Training a sentence tokenizer
NLTK's default sentence tokenizer is general purpose, and usually works quite well. But sometimes it is not the best choice for your text. Perhaps your text uses nonstandard punctuation, or is formatted in a unique way. In such cases, training your own sentence tokenizer can result in much more accurate sentence tokenization.
Getting ready
For this example, we'll be using the webtext
corpus, specifically the overheard.txt
file, so make sure you've downloaded this corpus. The text in this file is formatted as dialog that looks like this:
White guy: So, do you have any plans for this evening? Asian girl: Yeah, being angry! White guy: Oh, that sounds good.
As you can see, this isn't your standard paragraph of sentences formatting, which makes it a perfect case for training a sentence tokenizer.
How to do it...
NLTK provides a PunktSentenceTokenizer
class that you can train on raw text to produce a custom sentence tokenizer. You can get raw text either by reading in a file, or from an NLTK corpus using the raw()
method.
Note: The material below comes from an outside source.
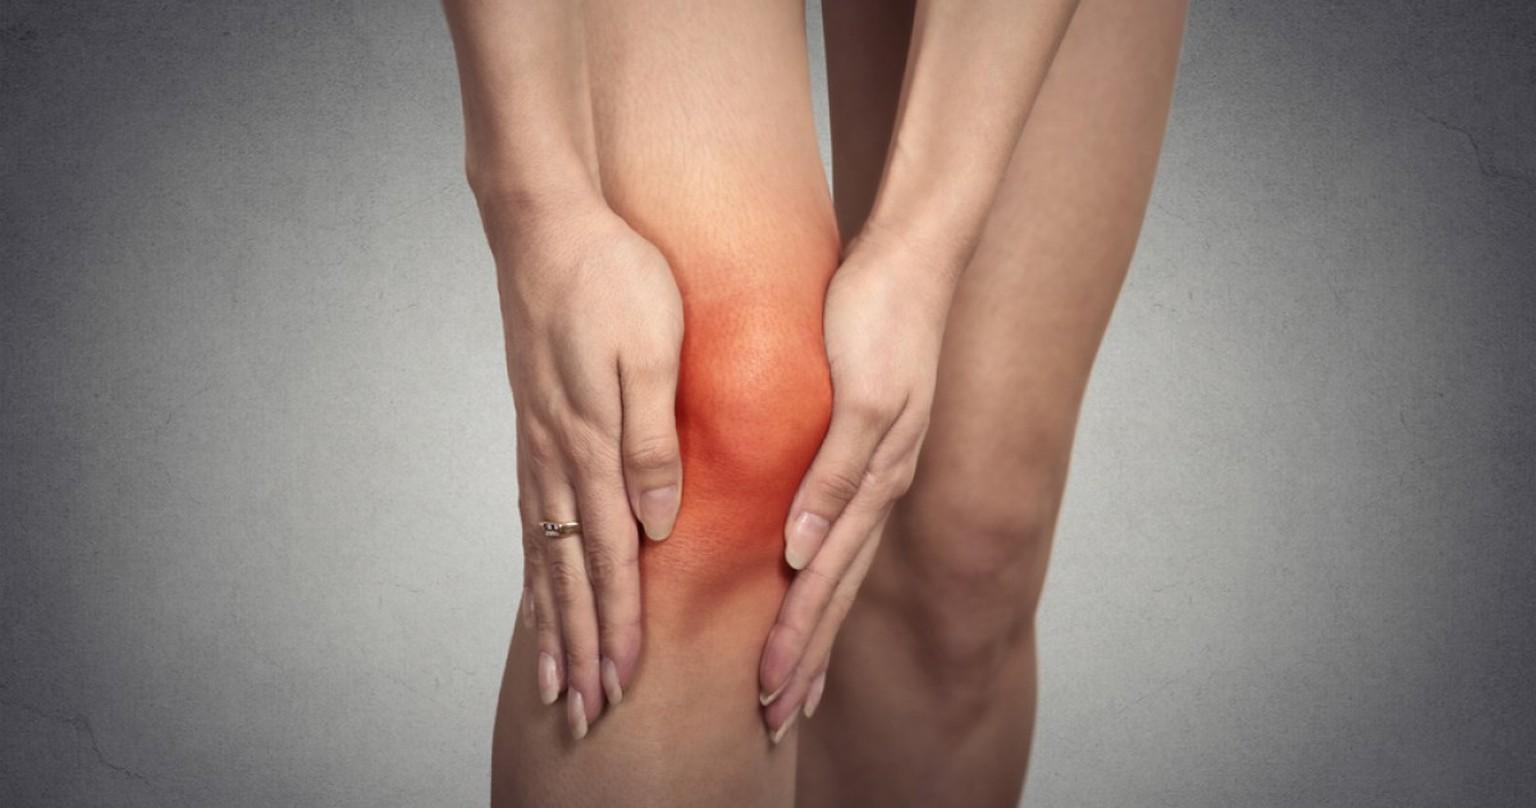 Отек коленного сустава – возможные причины и лечение. Отек коленного сустава причины лечение

Here's an example of training a sentence tokenizer on dialog text, using overheard.txt
from the webtext
corpus:
>>> from nltk.tokenize import PunktSentenceTokenizer >>> from nltk.corpus import webtext >>> text = webtext.raw('overheard.txt') >>> sent_tokenizer = PunktSentenceTokenizer(text)
Let's compare the results to the default sentence tokenizer, as follows:
>>> sents1 = sent_tokenizer.tokenize(text) >>> sents1[0] 'White guy: So, do you have any plans for this evening?' >>> from nltk.tokenize import sent_tokenize >>> sents2 = sent_tokenize(text) >>> sents2[0] 'White guy: So, do you have any plans for this evening?' >>> sents1[678] 'Girl: But you already have a Big Mac...' >>> sents2[678] 'Girl: But you already have a Big Mac...\\nHobo: Oh, this is all theatrical.'
While the first sentence is the same, you can see that the tokenizers disagree on how to tokenize sentence 679
(this is the first sentence where the tokenizers diverge). The default tokenizer includes the next line of dialog, while our custom tokenizer correctly thinks that the next line is a separate sentence. This difference is a good demonstration of why it can be useful to train your own sentence tokenizer, especially when your text isn't in the typical paragraph-sentence structure.
How it works...
The PunktSentenceTokenizer
class uses an unsupervised learning algorithm to learn what constitutes a sentence break. It is unsupervised because you don't have to give it any labeled training data, just raw text. You can read more about these kinds of algorithms at https://en.wikipedia.org/wiki/Unsupervised_learning. The specific technique used in this case is called sentence boundary detection and it works by counting punctuation and tokens that commonly end a sentence, such as a period or newline, then using the resulting frequencies to decide what the sentence boundaries should actually look like.
This is a simplified description of the algorithm—if you'd like more details, take a look at the source code of the nltk.tokenize.punkt.PunktTrainer
class, which can be found online at http://www.nltk.org/_modules/nltk/tokenize/punkt.html#PunktSentenceTokenizer.
There's more...
The PunktSentenceTokenizer
class learns from any string, which means you can open a text file and read its content. Here is an example of reading overheard.txt
directly instead of using the raw()
corpus method. This assumes that the webtext
corpus is located in the standard directory at /usr/share/nltk_data/corpora
. We also have to pass a specific encoding to the open()
function, as follows, because the file is not in ASCII:
>>> with open('/usr/share/nltk_data/corpora/webtext/overheard.txt', encoding='ISO-8859-2') as f: ... text = f.read() >>> sent_tokenizer = PunktSentenceTokenizer(text) >>> sents = sent_tokenizer.tokenize(text) >>> sents[0] 'White guy: So, do you have any plans for this evening?' >>> sents[678] 'Girl: But you already have a Big Mac...'
Once you have a custom sentence tokenizer, you can use it for your own corpora. Many corpus readers accept a sent_tokenizer
parameter, which lets you override the default sentence tokenizer object with your own sentence tokenizer. Corpus readers are covered in more detail in Chapter 3, Creating Custom Corpora.
See also
Most of the time, the default sentence tokenizer will be sufficient. This is covered in the first recipe, Tokenizing text into sentences.